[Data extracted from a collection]
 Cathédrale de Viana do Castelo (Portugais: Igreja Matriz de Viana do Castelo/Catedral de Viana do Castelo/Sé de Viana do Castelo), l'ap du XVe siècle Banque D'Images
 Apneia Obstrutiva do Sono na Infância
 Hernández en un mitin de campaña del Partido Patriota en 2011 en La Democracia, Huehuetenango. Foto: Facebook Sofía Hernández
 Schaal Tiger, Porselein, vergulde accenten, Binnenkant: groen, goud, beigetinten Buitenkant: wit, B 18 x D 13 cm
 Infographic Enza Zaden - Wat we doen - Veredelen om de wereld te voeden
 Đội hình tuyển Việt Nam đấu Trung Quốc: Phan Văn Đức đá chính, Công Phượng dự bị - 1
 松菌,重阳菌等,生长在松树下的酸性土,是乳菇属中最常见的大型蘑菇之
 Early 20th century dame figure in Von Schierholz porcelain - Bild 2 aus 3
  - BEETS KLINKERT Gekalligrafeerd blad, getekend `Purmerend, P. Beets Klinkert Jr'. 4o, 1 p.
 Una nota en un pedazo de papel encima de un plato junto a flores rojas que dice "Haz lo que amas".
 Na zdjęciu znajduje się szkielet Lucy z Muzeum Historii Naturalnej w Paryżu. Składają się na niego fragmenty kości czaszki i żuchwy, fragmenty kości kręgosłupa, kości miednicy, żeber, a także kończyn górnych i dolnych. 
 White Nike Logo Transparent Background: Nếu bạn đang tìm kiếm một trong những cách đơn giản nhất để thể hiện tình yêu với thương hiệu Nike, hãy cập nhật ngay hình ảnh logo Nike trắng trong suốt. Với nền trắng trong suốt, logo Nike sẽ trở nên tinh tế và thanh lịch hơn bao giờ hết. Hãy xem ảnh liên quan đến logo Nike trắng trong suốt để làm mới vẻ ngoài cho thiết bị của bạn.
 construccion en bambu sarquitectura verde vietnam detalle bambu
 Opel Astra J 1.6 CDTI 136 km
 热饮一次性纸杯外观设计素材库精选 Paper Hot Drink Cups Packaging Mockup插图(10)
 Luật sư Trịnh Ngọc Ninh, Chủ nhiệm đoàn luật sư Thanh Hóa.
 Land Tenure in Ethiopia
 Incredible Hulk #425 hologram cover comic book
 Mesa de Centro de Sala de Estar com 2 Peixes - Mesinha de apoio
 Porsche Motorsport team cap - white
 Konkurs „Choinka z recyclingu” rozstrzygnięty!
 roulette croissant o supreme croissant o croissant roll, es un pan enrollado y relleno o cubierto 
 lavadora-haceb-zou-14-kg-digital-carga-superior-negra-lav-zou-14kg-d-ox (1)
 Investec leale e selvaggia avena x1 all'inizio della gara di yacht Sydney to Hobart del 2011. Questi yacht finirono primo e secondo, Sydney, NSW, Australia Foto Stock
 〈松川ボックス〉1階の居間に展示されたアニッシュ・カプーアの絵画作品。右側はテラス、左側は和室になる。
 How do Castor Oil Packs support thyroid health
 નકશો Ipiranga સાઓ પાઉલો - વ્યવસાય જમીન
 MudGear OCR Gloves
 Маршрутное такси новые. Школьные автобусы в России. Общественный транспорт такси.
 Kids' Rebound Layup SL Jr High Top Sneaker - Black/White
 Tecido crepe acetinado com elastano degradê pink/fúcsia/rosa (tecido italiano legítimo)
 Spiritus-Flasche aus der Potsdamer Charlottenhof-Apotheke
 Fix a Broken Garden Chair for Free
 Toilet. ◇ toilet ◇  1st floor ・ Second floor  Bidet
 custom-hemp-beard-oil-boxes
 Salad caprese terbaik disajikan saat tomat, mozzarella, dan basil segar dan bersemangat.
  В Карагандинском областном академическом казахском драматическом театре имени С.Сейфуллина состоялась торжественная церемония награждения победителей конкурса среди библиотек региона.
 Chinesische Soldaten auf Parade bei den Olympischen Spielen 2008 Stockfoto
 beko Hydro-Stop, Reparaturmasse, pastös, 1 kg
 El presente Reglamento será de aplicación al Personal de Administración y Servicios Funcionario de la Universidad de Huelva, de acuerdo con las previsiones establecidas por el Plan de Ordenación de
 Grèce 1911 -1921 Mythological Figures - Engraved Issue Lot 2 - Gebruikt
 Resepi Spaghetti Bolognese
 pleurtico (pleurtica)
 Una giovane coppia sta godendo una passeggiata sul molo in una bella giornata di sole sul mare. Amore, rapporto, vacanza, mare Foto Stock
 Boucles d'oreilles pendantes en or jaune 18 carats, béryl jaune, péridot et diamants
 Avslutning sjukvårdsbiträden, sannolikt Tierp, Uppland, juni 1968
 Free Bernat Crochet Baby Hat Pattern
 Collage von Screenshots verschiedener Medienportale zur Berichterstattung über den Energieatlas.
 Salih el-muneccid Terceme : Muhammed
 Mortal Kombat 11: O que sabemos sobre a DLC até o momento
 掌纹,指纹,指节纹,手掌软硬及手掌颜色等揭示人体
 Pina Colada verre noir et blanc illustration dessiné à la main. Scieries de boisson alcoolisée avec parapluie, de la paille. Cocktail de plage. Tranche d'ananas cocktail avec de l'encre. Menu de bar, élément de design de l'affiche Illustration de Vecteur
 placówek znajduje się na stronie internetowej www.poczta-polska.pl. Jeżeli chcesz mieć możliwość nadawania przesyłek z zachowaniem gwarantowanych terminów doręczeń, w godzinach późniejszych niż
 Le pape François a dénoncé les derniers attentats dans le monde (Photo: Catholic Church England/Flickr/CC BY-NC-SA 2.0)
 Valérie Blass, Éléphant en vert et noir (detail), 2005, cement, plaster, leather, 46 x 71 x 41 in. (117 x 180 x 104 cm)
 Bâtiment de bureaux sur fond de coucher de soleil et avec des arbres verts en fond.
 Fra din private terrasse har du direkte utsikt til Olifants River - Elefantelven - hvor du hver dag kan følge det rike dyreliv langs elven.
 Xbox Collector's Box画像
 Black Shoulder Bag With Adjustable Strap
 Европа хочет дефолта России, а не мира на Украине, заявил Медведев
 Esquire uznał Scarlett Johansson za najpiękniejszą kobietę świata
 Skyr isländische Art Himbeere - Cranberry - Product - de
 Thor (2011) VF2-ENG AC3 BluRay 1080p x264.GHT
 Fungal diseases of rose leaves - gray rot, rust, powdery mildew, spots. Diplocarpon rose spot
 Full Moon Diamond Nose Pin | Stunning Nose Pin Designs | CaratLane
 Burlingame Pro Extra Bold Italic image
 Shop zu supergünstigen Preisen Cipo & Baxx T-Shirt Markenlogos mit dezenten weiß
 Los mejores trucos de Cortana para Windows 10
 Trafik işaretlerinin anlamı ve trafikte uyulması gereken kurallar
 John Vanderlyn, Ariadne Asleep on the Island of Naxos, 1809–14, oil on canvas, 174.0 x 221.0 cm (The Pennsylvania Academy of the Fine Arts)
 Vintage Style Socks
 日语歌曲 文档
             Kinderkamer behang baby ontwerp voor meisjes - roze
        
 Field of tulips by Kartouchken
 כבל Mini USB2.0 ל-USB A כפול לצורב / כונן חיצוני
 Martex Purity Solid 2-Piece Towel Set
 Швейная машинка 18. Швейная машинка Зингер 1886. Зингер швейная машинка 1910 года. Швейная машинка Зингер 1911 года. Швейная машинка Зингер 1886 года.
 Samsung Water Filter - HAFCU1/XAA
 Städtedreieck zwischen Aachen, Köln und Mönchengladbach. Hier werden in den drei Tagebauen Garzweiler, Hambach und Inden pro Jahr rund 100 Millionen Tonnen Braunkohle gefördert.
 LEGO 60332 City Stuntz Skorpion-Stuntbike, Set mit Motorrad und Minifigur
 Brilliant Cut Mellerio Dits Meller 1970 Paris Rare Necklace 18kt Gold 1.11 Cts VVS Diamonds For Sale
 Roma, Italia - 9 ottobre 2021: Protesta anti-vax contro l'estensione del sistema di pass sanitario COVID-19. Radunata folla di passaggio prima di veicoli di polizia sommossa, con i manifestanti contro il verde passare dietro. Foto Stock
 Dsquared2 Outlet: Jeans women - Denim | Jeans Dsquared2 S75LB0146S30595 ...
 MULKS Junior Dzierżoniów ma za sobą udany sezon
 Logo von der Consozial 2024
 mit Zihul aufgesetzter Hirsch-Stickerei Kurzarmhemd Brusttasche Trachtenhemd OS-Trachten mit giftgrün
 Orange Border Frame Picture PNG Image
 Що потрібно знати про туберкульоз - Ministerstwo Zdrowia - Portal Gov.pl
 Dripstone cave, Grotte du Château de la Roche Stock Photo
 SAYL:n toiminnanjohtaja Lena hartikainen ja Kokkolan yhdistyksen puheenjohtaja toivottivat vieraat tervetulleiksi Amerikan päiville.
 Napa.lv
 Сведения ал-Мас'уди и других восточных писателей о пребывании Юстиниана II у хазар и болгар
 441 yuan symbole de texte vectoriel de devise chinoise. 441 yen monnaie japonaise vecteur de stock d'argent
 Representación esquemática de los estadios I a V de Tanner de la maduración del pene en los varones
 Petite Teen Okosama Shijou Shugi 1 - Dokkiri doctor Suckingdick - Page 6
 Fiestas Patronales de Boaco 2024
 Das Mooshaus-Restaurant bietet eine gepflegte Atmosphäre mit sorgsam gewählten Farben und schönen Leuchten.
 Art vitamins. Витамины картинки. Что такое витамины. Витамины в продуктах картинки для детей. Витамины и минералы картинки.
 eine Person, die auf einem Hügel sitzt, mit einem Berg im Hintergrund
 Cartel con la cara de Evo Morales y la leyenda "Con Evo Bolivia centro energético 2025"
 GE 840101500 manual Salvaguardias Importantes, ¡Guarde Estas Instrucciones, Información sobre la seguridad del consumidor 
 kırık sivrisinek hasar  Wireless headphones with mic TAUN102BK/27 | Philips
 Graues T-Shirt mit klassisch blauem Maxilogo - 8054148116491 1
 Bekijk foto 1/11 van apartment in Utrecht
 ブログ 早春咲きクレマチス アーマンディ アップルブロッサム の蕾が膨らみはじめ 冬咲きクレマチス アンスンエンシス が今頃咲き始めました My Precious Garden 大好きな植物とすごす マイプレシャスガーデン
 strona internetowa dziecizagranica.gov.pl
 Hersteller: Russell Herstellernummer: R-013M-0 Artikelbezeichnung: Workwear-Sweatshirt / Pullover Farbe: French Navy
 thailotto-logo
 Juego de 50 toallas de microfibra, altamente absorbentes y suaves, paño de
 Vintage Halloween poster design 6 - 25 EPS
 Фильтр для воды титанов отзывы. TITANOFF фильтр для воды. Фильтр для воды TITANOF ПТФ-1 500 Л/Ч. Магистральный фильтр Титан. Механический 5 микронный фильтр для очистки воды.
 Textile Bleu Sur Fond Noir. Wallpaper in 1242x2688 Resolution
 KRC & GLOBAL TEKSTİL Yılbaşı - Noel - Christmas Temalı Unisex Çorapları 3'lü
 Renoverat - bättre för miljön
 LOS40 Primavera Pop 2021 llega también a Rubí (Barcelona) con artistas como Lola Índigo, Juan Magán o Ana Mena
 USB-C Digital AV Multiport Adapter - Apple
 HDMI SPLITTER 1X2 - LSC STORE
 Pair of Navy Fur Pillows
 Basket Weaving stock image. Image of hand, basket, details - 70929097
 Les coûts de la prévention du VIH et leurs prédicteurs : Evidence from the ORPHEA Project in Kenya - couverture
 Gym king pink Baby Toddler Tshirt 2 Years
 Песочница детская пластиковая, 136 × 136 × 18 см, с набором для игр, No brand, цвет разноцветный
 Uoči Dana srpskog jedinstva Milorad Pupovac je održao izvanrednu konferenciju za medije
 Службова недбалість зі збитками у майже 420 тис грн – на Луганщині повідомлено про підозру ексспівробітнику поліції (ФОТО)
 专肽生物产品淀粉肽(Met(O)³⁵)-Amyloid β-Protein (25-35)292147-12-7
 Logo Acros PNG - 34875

Instructions to follow:
One stretch of the lines above is wanted, from the line that contains "Trafik işaretlerinin anlamı" through the line that contains "Martex Purity Solid 2-Piece Towel Set". Output it exactly.

Solved exercise:
 Trafik işaretlerinin anlamı ve trafikte uyulması gereken kurallar
 John Vanderlyn, Ariadne Asleep on the Island of Naxos, 1809–14, oil on canvas, 174.0 x 221.0 cm (The Pennsylvania Academy of the Fine Arts)
 Vintage Style Socks
 日语歌曲 文档
             Kinderkamer behang baby ontwerp voor meisjes - roze
        
 Field of tulips by Kartouchken
 כבל Mini USB2.0 ל-USB A כפול לצורב / כונן חיצוני
 Martex Purity Solid 2-Piece Towel Set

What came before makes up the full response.